Using the lathe dust collection hood cuts the mess from turning hugely. The drier the wood, the more effective the hood. Part of this is, because the hood wraps around the turned object, focusing all the air collection there.

I could use a larger hood, like the questionable ones sold for that purpose, but, to be effective, I'd have to crank the CFM being moved, and the speed it's moved significantly.


----------



## jgt1942 (Mar 25, 2013)

Clin, I now understand your suggestion. Originally I though the same but after reading the finding of Bill Pentz, see http://billpentz.com/woodworking/cyclone/air_cleaner.cfm he got better results by pulling the air through the filter than pushing the air through the filter.

At this time I'mm not sure if I will push or pull the air.
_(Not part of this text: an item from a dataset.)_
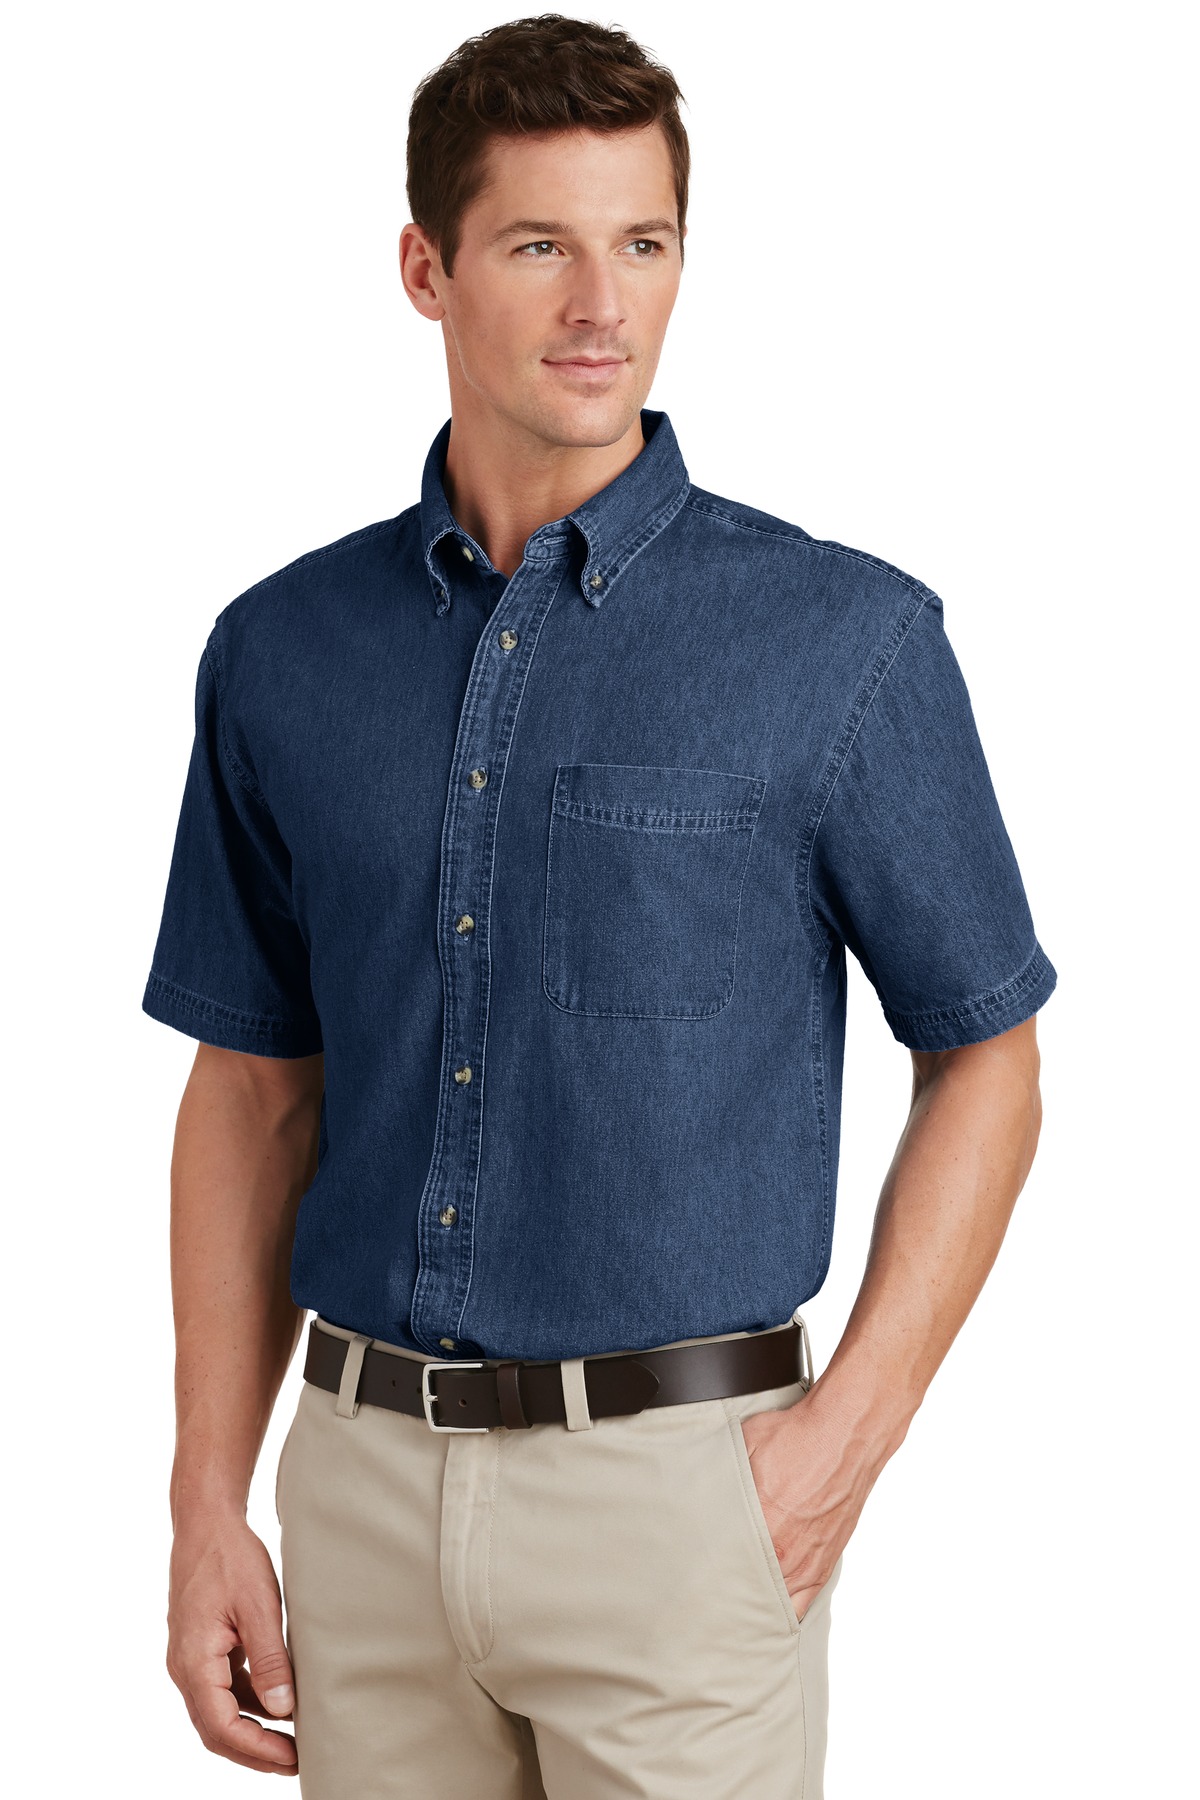 "Port & Company Short Sleeve Value Denim Shirt (SP11) Ink Blue, XL" - image 4 of 6

With the blowers I have even at low speed they will push/pull a LOT of air. If I kick them up to mid/high the amount of moving air really increases.

I agree that if I'm pushing the air through the filter then pre-filters are a real good option. Originally I planned to go this route and was going to install two pre-filters, like a coarse for filter one and then a mid-range for filter 2 and then the NANO filter.

Currently I cannot get the Wynn website to display correctly on three different PCs using either Chrome or Edge. I gave up and called and spoke to Dick Wynn who was very helpful. Basically the NANO filters are MERV 15 and than makes it super easy to understand. One of the filters I was considering (previous post in this thread) is not what I thought (I was considering something other than the Wynn). They claim (the other guys) to filter down to 0.3 microns but they have MERV 8 rating on their filter. There is no way that they can filter 0.3 particles with a MERV 8. Thus I'm back to the Wynn filters.


----------



## jgt1942 (Mar 25, 2013)

I forgot to mention, when talking to Dick Wynn he confirmed that you CAN clean their NANO filters with an air compressor at 60 PSI.
Normally I keep my air compressor at 90 PSI but adjusting the PSI down to 60 PSI is very easy and I suspect that most air compressors have the ability to adjust the PSI.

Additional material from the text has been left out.